No, they decided that 'Birmingham was losing high achieving applicants to institutions perceived as being better quality universities; Nottingham, Warwick and, increasingly, Manchester' and that 'In order to maintain our competitive position against such universities we needed to communicate much more clearly the University's key values, values which differentiate Birmingham from all of its competitors. The new brand allows us to do this.'

What a parochial view of what it means to be a world class university! (Also manifested in all the UoB web pages and printed documents that fail to use the international telephone number format, e.g. http://www.newscentre.bham.ac.uk/office.htm).

What utter rubbish it is to claim that we have 'key values' that differ from those of other excellent universities both in this country and abroad. Even worse is the assumption that we can express those key values through changes of lettering, colouring and use of a crest! If I had children of school leaving age I would now be telling them to ignore universities that waste money on that kind of marketing instead of telling us what they teach, how they teach it, why they teach it, and above all what opportunities they provide for students both to learn and to develop as people.

I am embarrassed that my university claims to have different key high level values from universities where many of my colleagues, friends and collaborators work, instead of pointing out that while we have the same values, and share many ideas, goals and even many of the things we teach we also differ in some of the things we know and can do, and some of the things we are currently investigating, and some of the things we teach and ways we teach. We are also in a different city, that may suit some people better than other cities.

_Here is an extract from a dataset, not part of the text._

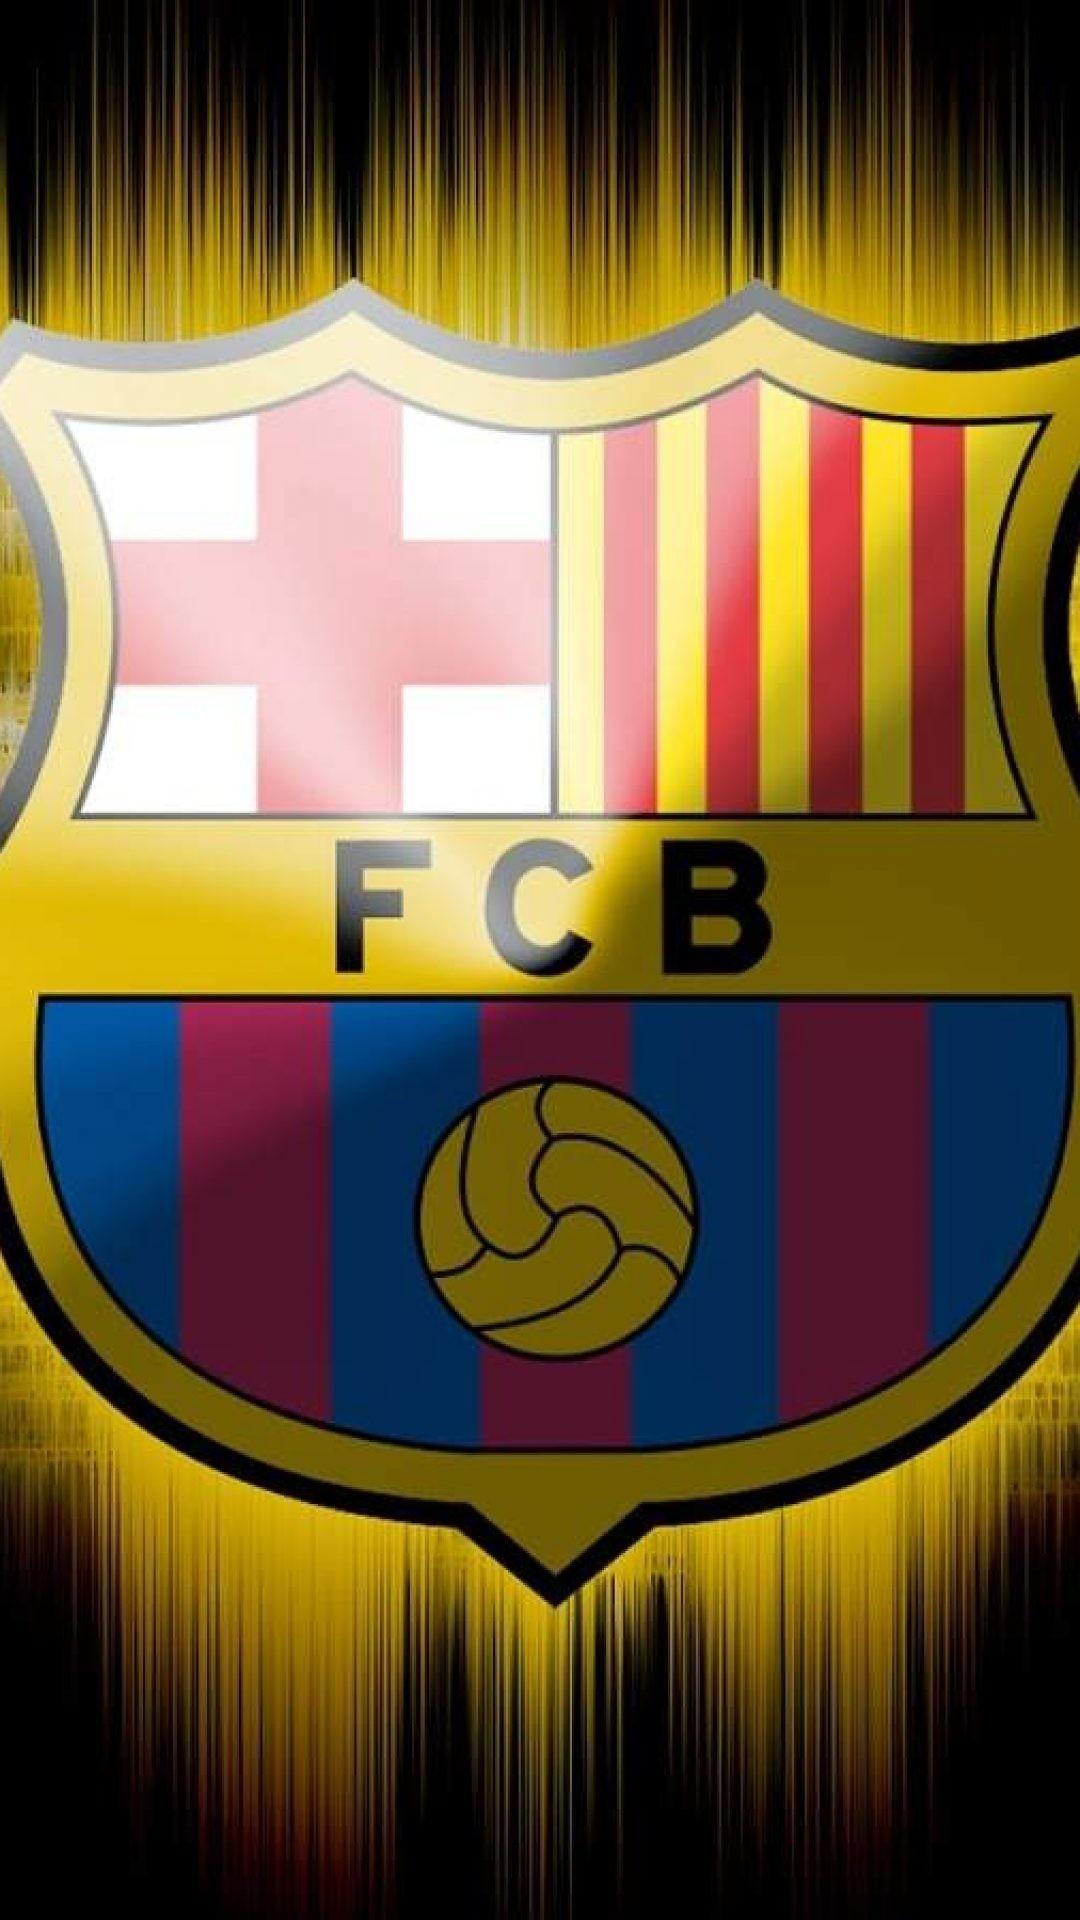 Fc Barcelona Wallpaper Hd 2014

Were the Vice Chancellor and his senior academic colleagues asleep while all this was being done by 'marketing experts' ? Or were the academics too modest, thinking: 'they are the professionals, so they must be right, even if we disagree'? Or have they had their brains damaged by too much involvement in management, administration and attempts to communicate with a government obsessed with shallow ideas of modernisation and competition?

THE ACADEMIC/NON-ACADEMIC DIVIDE
I think we are seeing an example of something I've noticed several times. If academics leave important decisions entirely to people who are not themselves immersed in the realities of research and teaching and who are not mainly motivated by the goals of producing outstanding research and teaching, things can go badly wrong.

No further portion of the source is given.